# how to change user from $ to their name when ssh login



## Bill James (Feb 28, 2017)

hello folks,

I am new to FreeBSD and need for help from advanced person here 
I have a trouble with ssh appearance in my machine. I using FreeBSD10.3-STABLE platform.
When I login the machine with ssh using root password, the machine print: *root@mymachine*
But when I login with user to machine (standard user that created by adduser) it's always print as "*$*" instead of: *user@mymachine*
Could someone help me, its confuse when multiple user are connect because when user do login by ssh, they print as "$" and no notice who they are.

Thanks,

Bill


----------



## SirDice (Feb 28, 2017)

Set your user's shell to tcsh(1), it has the same prompt.


----------



## Bill James (Feb 28, 2017)

SirDice...
Thank you for your help. i works...
I appreciate it ...


----------



## jdakhayman (Feb 28, 2017)

Also, For security sake.

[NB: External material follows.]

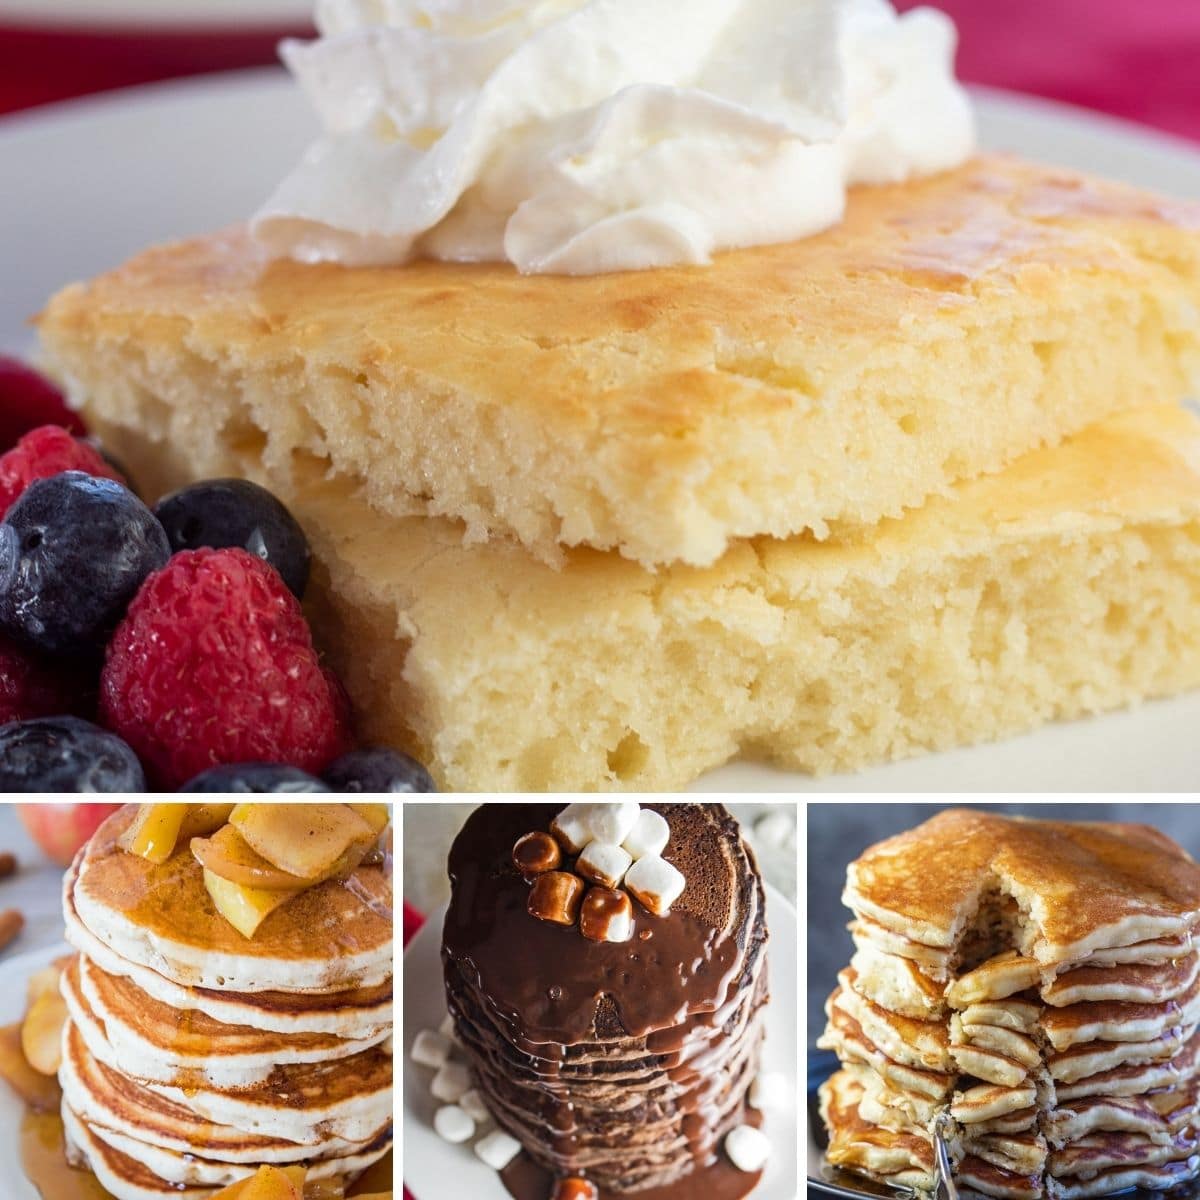 La mejor imagen de collage de recetas de panqueques de 4 recetas que compartimos para un increíble desayuno de fin de semana.
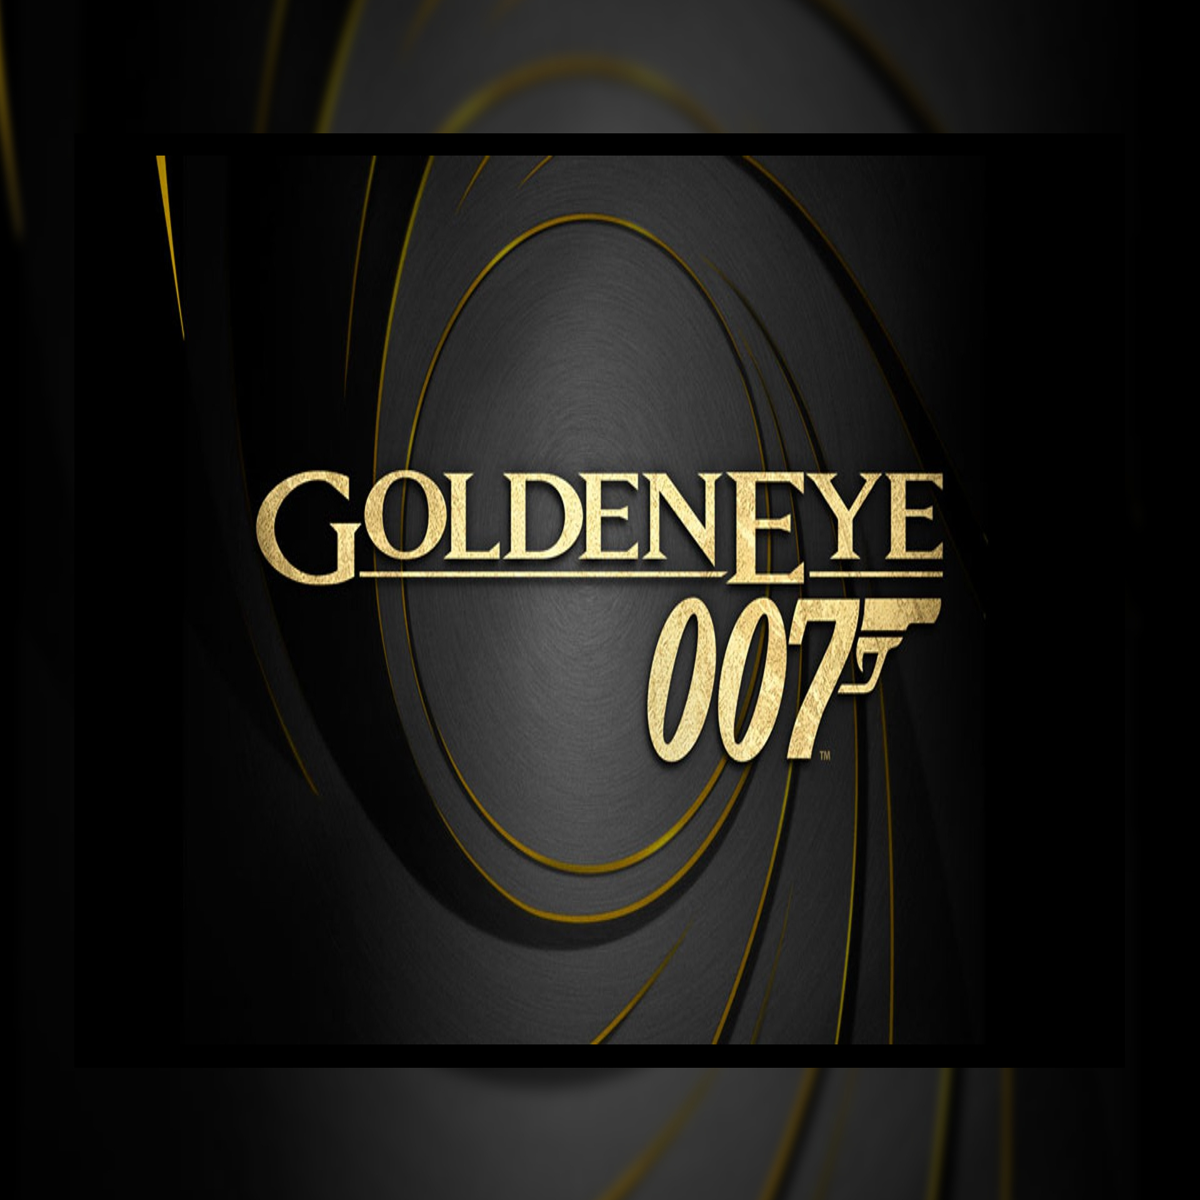 TODAS AS FASES DO 007 GOLDENEYE no 00 AGENT (DETONADO COMPLETO 007

If this machine is open to the internet, please consider disabling direct root login from ssh. Allowing root login is dangerous. I also assume you are only using password authentication only as well.
This can leave you very vulnerable and open to attack and being comprised. Setup the use of RSA key authentication, here is a good guide in doing so https://www.digitalocean.com/commun...-key-based-authentication-on-a-freebsd-server Then, setup a user that is a part of the wheel group, then, either use sudo, or su when you need to elevate privileges.


----------